> EXERCISE AIM
Your answer must be the full listing, reproduced word for word.

> INFORMATION GIVEN

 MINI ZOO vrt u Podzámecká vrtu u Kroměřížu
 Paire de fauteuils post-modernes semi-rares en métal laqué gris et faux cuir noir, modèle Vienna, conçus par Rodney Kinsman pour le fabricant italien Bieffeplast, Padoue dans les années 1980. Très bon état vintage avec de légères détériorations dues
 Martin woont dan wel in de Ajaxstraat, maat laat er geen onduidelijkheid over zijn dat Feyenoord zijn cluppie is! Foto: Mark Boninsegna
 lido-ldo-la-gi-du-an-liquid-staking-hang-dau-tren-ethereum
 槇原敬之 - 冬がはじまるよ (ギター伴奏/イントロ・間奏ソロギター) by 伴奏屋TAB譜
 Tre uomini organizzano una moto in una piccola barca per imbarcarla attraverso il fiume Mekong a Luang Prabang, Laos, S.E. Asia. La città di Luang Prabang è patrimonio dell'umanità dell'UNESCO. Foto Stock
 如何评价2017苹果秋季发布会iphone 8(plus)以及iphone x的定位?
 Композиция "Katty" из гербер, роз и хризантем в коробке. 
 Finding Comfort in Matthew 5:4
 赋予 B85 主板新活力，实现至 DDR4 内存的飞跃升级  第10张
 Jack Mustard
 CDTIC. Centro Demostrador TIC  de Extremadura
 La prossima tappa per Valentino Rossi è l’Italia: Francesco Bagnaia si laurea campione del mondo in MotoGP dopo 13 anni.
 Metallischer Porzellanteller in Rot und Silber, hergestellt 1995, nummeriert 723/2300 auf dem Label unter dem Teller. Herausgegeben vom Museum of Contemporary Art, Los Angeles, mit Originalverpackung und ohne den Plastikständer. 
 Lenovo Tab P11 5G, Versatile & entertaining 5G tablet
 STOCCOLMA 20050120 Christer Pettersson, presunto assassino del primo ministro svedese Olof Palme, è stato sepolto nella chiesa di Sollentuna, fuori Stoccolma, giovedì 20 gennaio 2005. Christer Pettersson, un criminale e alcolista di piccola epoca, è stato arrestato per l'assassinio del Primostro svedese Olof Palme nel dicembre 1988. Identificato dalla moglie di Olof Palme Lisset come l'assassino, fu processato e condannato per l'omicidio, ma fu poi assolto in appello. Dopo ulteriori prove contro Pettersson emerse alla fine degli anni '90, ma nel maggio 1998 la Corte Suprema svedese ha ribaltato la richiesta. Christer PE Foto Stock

> RESULT FOR THIS TASK
 MINI ZOO vrt u Podzámecká vrtu u Kroměřížu
 Paire de fauteuils post-modernes semi-rares en métal laqué gris et faux cuir noir, modèle Vienna, conçus par Rodney Kinsman pour le fabricant italien Bieffeplast, Padoue dans les années 1980. Très bon état vintage avec de légères détériorations dues
 Martin woont dan wel in de Ajaxstraat, maat laat er geen onduidelijkheid over zijn dat Feyenoord zijn cluppie is! Foto: Mark Boninsegna
 lido-ldo-la-gi-du-an-liquid-staking-hang-dau-tren-ethereum
 槇原敬之 - 冬がはじまるよ (ギター伴奏/イントロ・間奏ソロギター) by 伴奏屋TAB譜
 Tre uomini organizzano una moto in una piccola barca per imbarcarla attraverso il fiume Mekong a Luang Prabang, Laos, S.E. Asia. La città di Luang Prabang è patrimonio dell'umanità dell'UNESCO. Foto Stock
 如何评价2017苹果秋季发布会iphone 8(plus)以及iphone x的定位?
 Композиция "Katty" из гербер, роз и хризантем в коробке. 
 Finding Comfort in Matthew 5:4
 赋予 B85 主板新活力，实现至 DDR4 内存的飞跃升级  第10张
 Jack Mustard
 CDTIC. Centro Demostrador TIC  de Extremadura
 La prossima tappa per Valentino Rossi è l’Italia: Francesco Bagnaia si laurea campione del mondo in MotoGP dopo 13 anni.
 Metallischer Porzellanteller in Rot und Silber, hergestellt 1995, nummeriert 723/2300 auf dem Label unter dem Teller. Herausgegeben vom Museum of Contemporary Art, Los Angeles, mit Originalverpackung und ohne den Plastikständer. 
 Lenovo Tab P11 5G, Versatile & entertaining 5G tablet
 STOCCOLMA 20050120 Christer Pettersson, presunto assassino del primo ministro svedese Olof Palme, è stato sepolto nella chiesa di Sollentuna, fuori Stoccolma, giovedì 20 gennaio 2005. Christer Pettersson, un criminale e alcolista di piccola epoca, è stato arrestato per l'assassinio del Primostro svedese Olof Palme nel dicembre 1988. Identificato dalla moglie di Olof Palme Lisset come l'assassino, fu processato e condannato per l'omicidio, ma fu poi assolto in appello. Dopo ulteriori prove contro Pettersson emerse alla fine degli anni '90, ma nel maggio 1998 la Corte Suprema svedese ha ribaltato la richiesta. Christer PE Foto Stock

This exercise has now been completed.